Положив руки на перила, я наклонился вперёд, рассматривая наш двор. Четверо пацанов поглядывали на стайку девчонок на соседней лавочке, женщина тянула за поводок маленькую дрожащую собачку, лающую на прохожих, мамаши с мелкими чадами суетились около детской горки, карапуз болтал ногами на качели, на свободное место парковалась машина. Каждый был занят своим делом, их суета заставляла сердце замедлять разогнавшийся ритм. Стало легче дышать.
Я не поеду к её дому, не буду разыскивать её квартиру, не стану спасать Дашу от Макеева, даже если он приготовил ей блюдо, которое подают холодным. Это её опыт и её выбор. Своим вмешательством я сделаю только хуже, как бы абсурдно это ни звучало, я не дам ей возможность распутать узел их отношений.

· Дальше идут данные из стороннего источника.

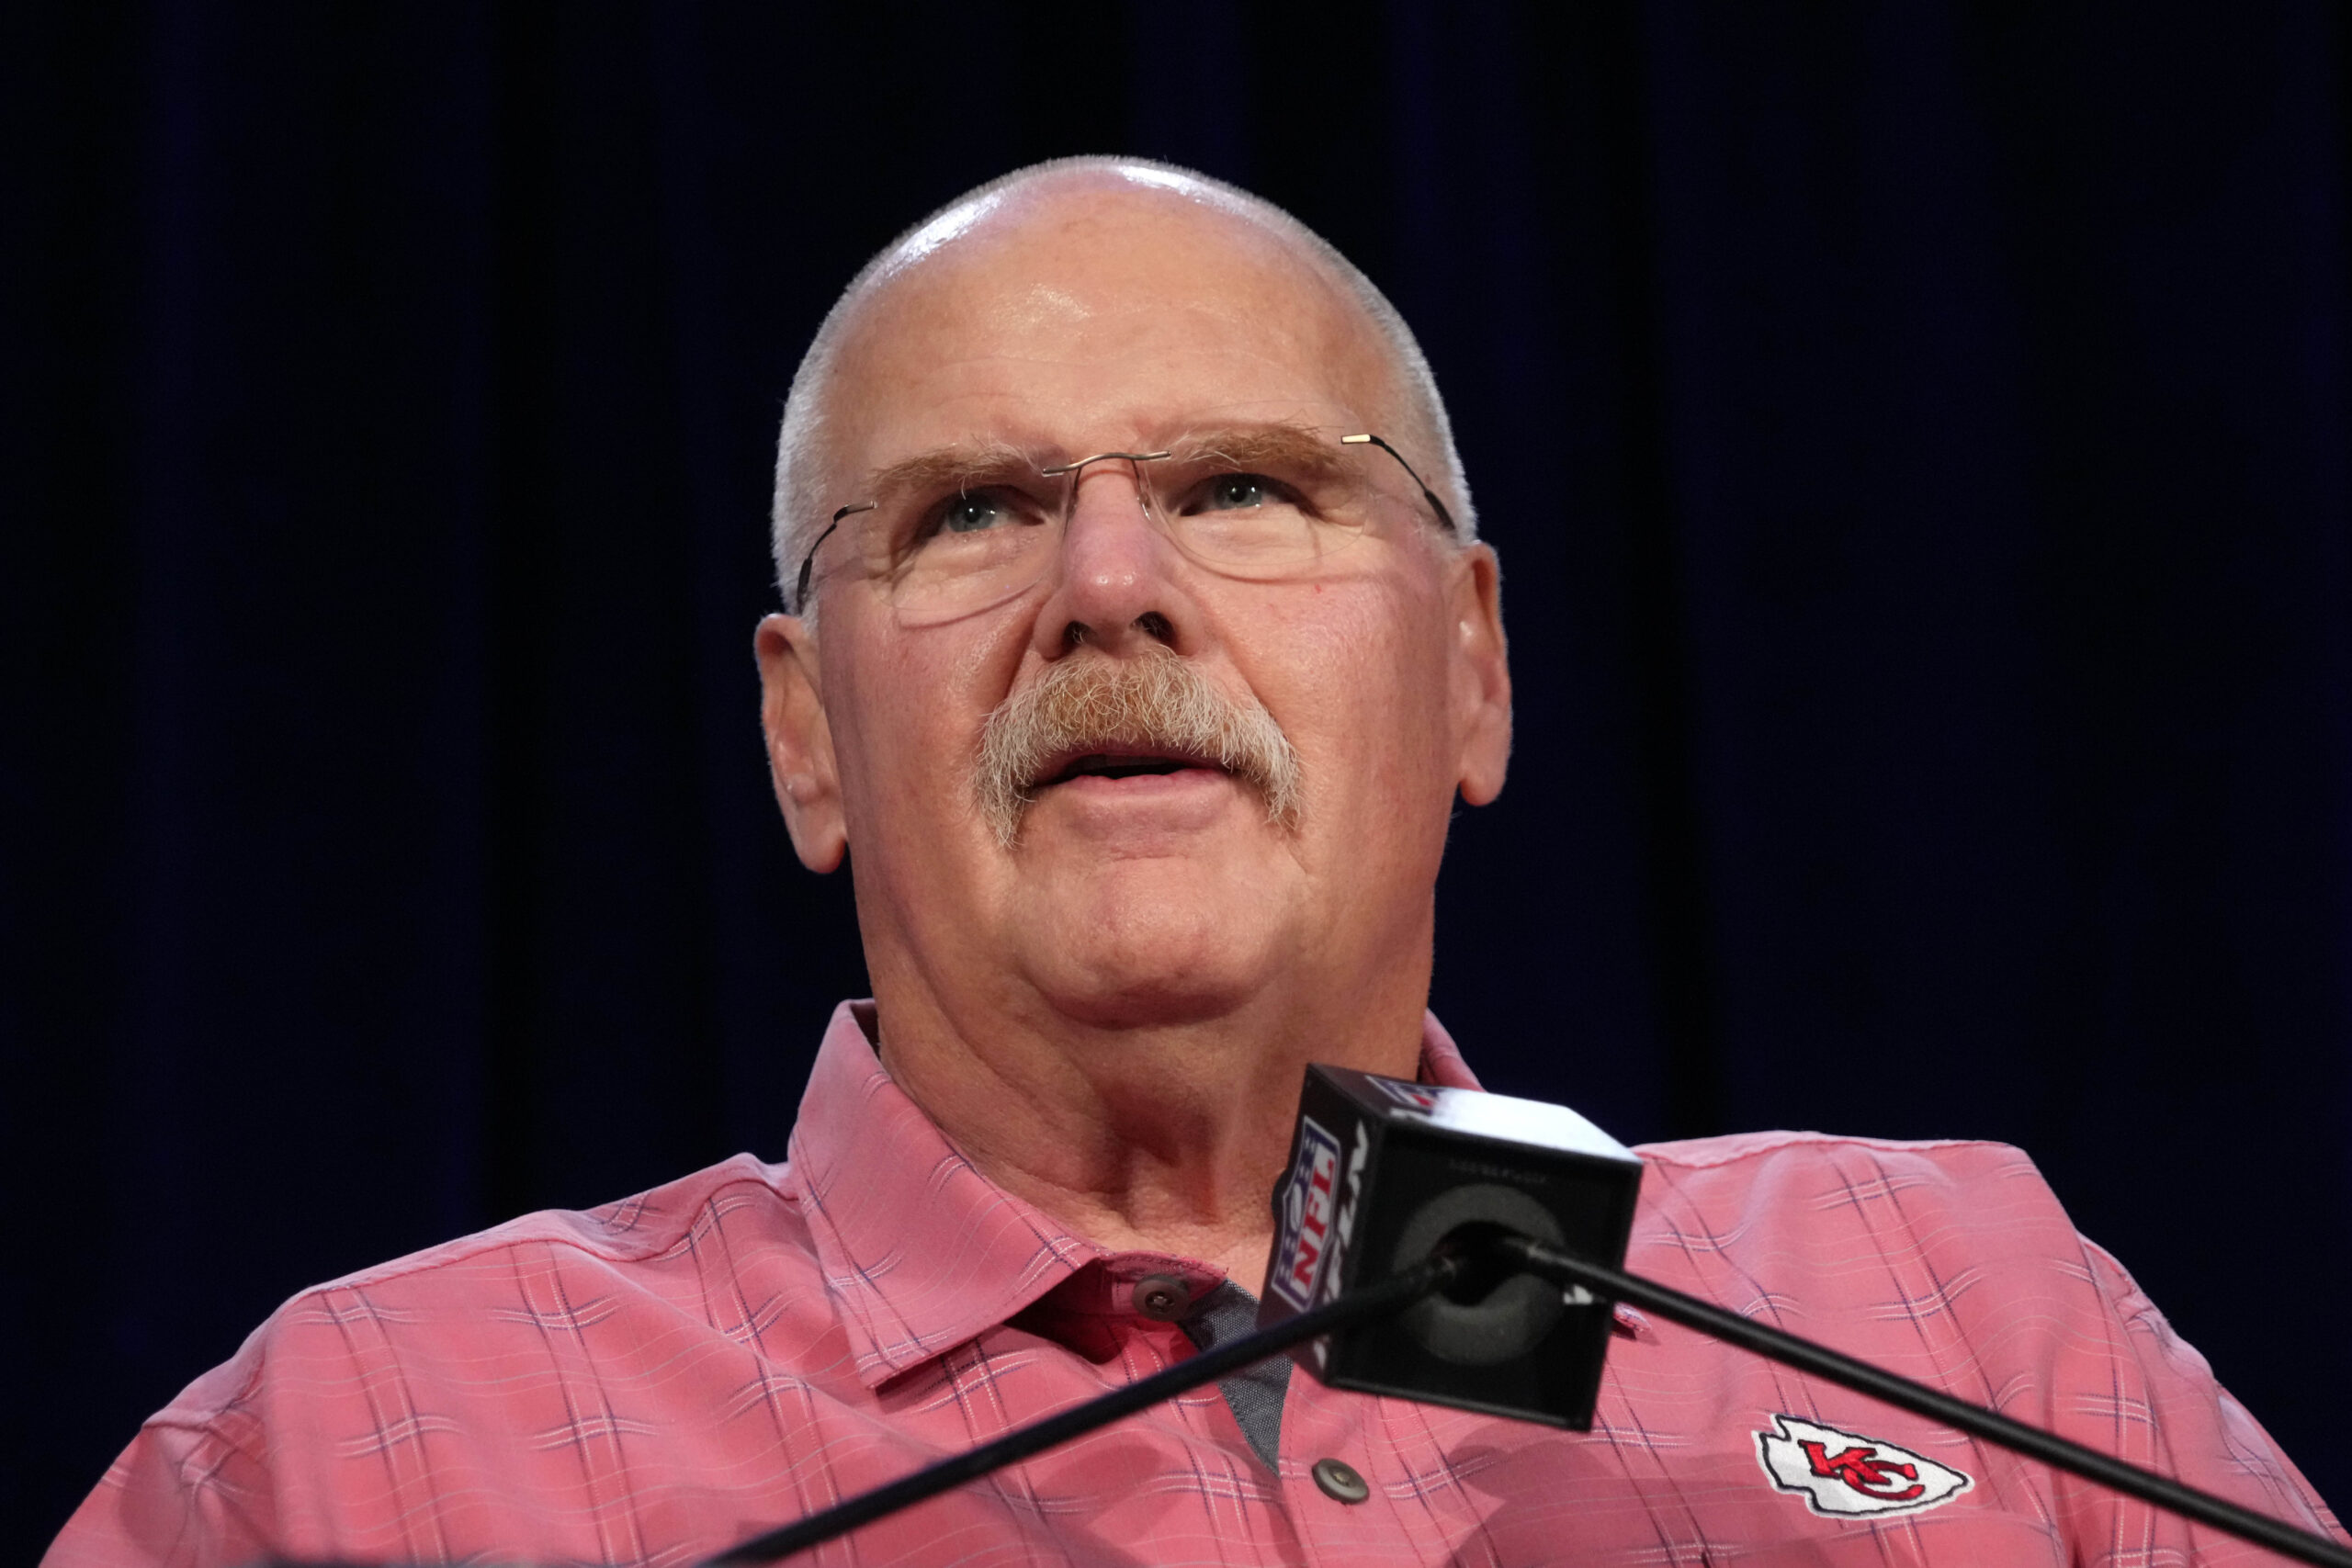 Kansas City Chiefs coach Andy Reid speaks during the Super Bowl 57 Winning Team Head Coach and MVP press conference at the Phoenix Convention Center.

Вселенная мудра, человек несчастен. Почему? Он не ощущает поток, ломиться в закрытые двери, не замечает открытых. Я тоже ломлюсь, когда забываю о голосе души, полагаясь на разум и следуя его указаниям. В моей жизни, на самом деле, случилось много чудес. Я давно привык к ним, иногда даже не замечал. Но как только я с головой погружался в реальность, игнорируя вторую часть своего я, чудеса исчезали из моей жизни.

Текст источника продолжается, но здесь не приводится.